- Directed by: Mario Zampi
- Written by: Vittorio Calvino Achille Campanile C. Campanile Giorgio Prosperi Vittorio Veltroni Mario Zampi
- Starring: Renato Rascel Marisa Pavan
- Cinematography: Mario Albertelli Rodolfo Lombardi
- Edited by: Giulio Zampi
- Music by: Roman Vlad
- Production company: Film Costellazione Produzione
- Distributed by: Variety Distribution
- Release date: 23 February 1953;
- Running time: 100 minutes
- Countries: France Italy
- Language: Italian

= I Chose Love =

1953 French film by Mario Zampi

I Chose Love (French: J'ai choisi l'amour, Italian: Ho scelto l'amore) is a 1953 French-Italian comedy film directed by Mario Zampi and starring Renato Rascel and Marisa Pavan. It was shot at the Cinecittà studios in Rome.

== Plot ==
Boris Popovic, third class undersecretary, accompanies the head of the delegation Ivan Ivanovic and two other delegates to Italy to participate in the Feast of the Brotherhood.

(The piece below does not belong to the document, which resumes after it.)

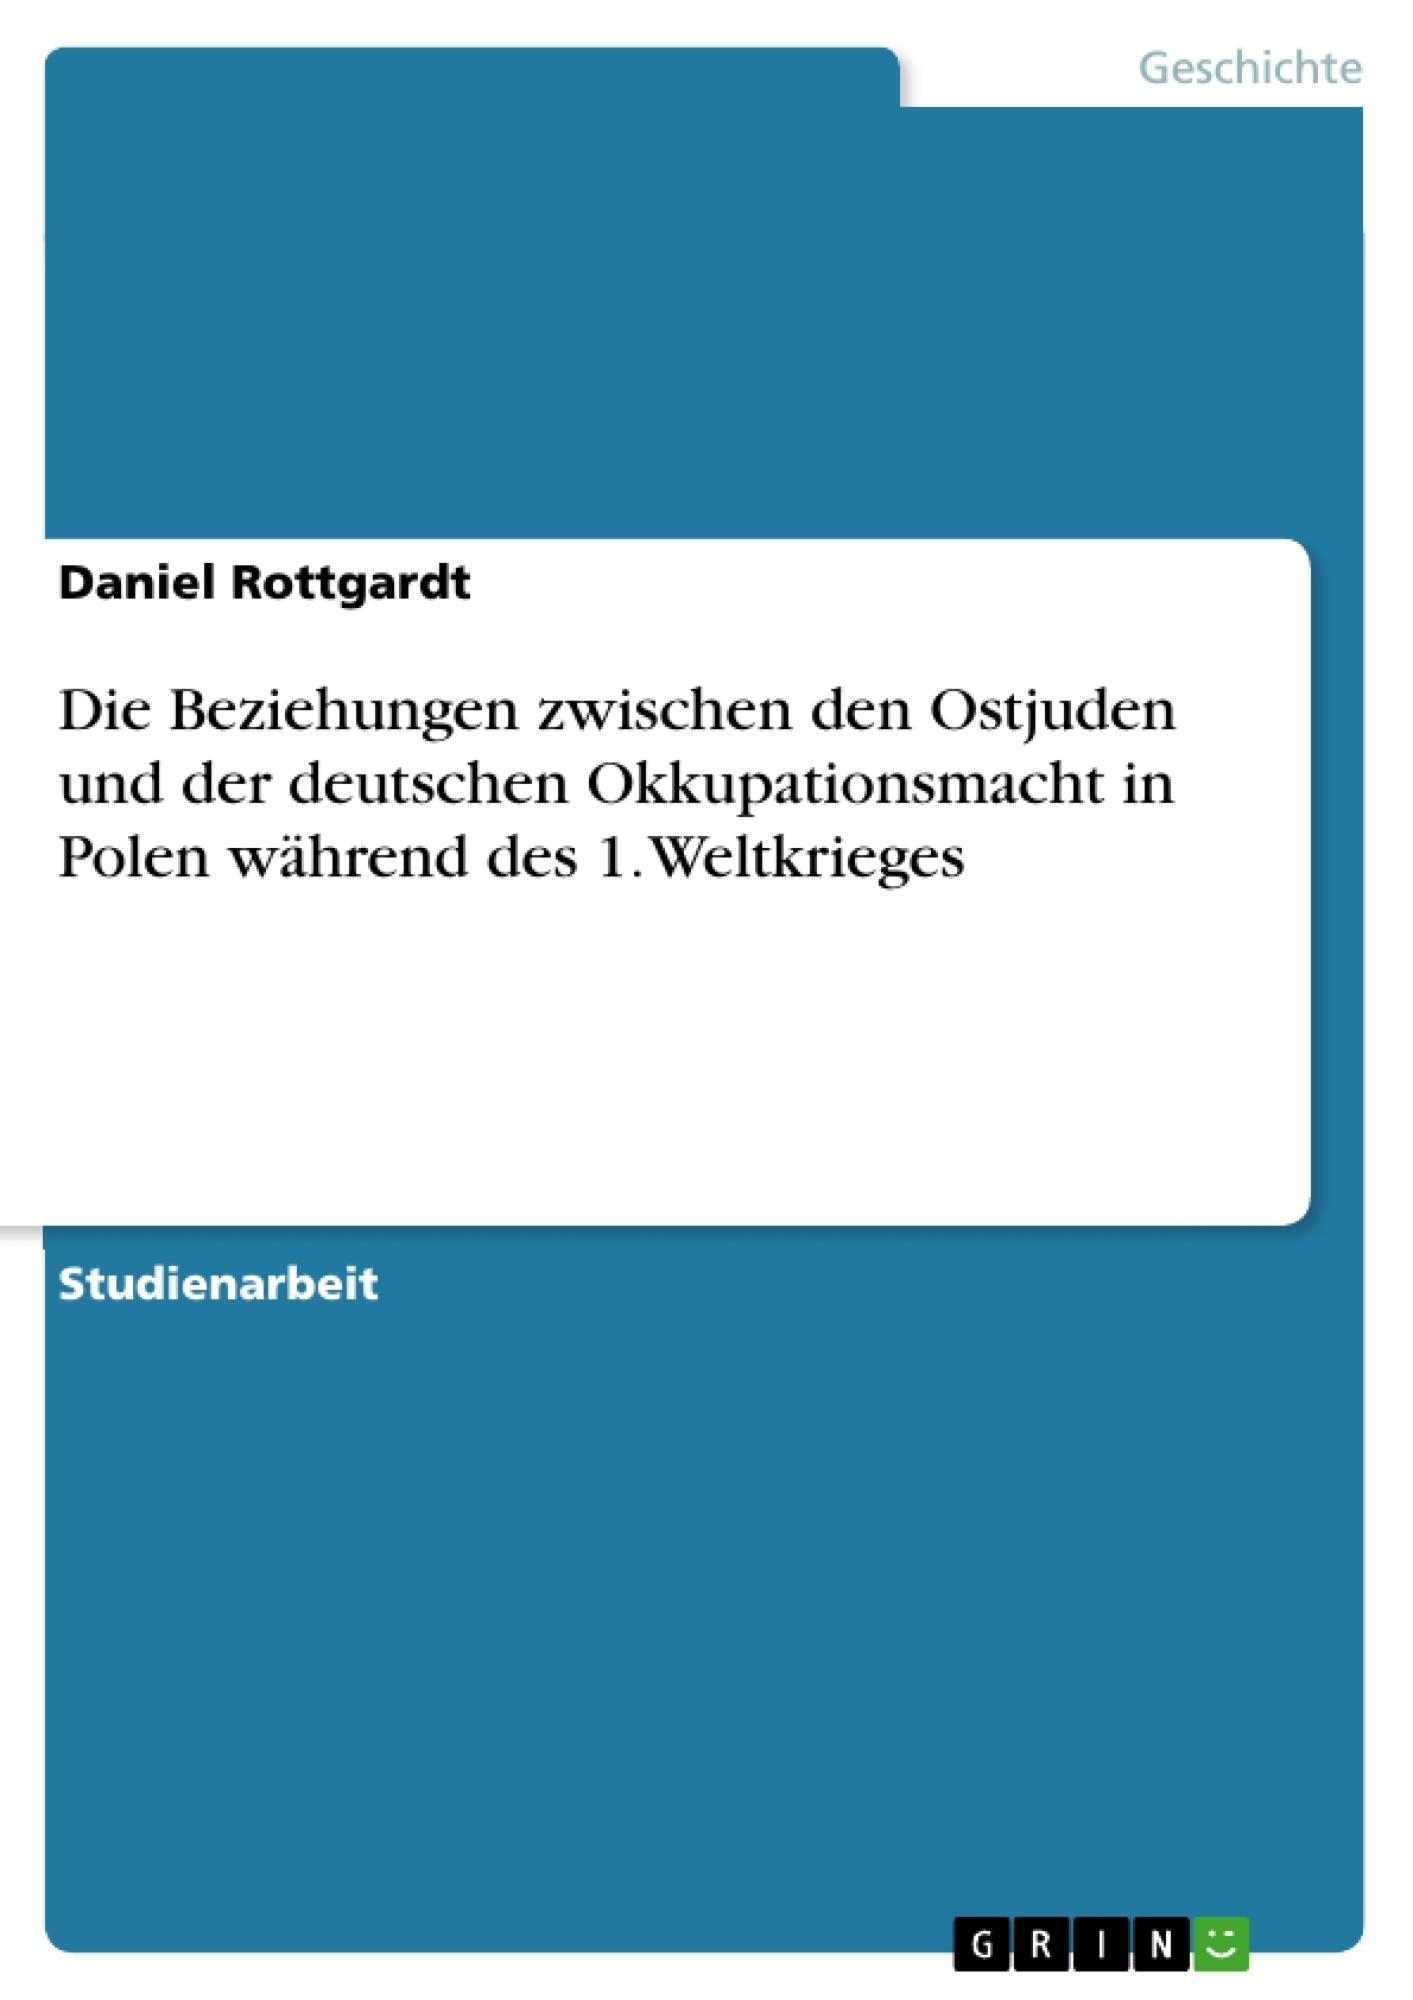 Titel: Die Beziehungen zwischen den Ostjuden und der deutschen Okkupationsmacht in Polen während des 1. Weltkrieges

Fearful and suspicious of anyone, he has with him a precious "symbol" to be absolutely hidden from the eyes of the curious, a white dove locked in a cage. During a stop on the train, a gust of wind takes away his hat where he has hidden all his money: he goes down to retrieve it, but his sudden departure separates him from the rest of the delegation. The hat with the money is recovered by Mario, an aspiring sacristan accompanied by a priest in the convent, who chases it in vain to try to return it: thanks to a ride in the car, he ends up in Venice but finds himself lost and alone. Having met Marisa, a beautiful flower girl whom he soon falls in love with, he involuntarily frees the dove, symbol of peace in Piazza San Marco, which flies away with the pigeons and seeks help in the party's city headquarters. Due to various misunderstandings, he is chased first by a fanatic Communist and then by a fervent republican. Refugee in the house of the relatives of the flower girl, his mild nature soon leads him into trouble: after having attended a wedding dinner he finds himself in the house of a count where he is coveted by an aristocrat. Discovered by Marisa, he is soon forgiven, but the three of the delegation discover him and, considering him a traitor, they pursue him to bring him back to his homeland. Boris, in the throes of nightmares, is therefore forced to make a decision, which will be the most obvious one: he will stay in Italy with the girl.

== Distribution ==
The film obtained the censorship visa no. 13,743 of February 23, 1953 for a film length of 2,540 meters and had its first screening on March 3, 1953.

==Cast==
- Renato Rascel: Boris Popovic
- Tina Lattanzi
- Marisa Pavan: Marisa
- Nino Manfredi
- Carlo Mazzarella
- Margherita Bagni: la fioraia
- Dina Perbellini
- Eduardo Passarelli
- Cesco Baseggio
- Giulio Calì
- Pietro Tordi: un comunista
- Michele Abbruzzo
- Ave Ninchi: Giovanna
- Ignazio Leone
- Gianni Rizzo
- Kiki Urbani
- Paolo Panelli
- Frederick Valk
- Gino Cavalieri
- Ettore Mattia

==Bibliography==
- Parish, Robert. Film Actors Guide. Scarecrow Press, 1977.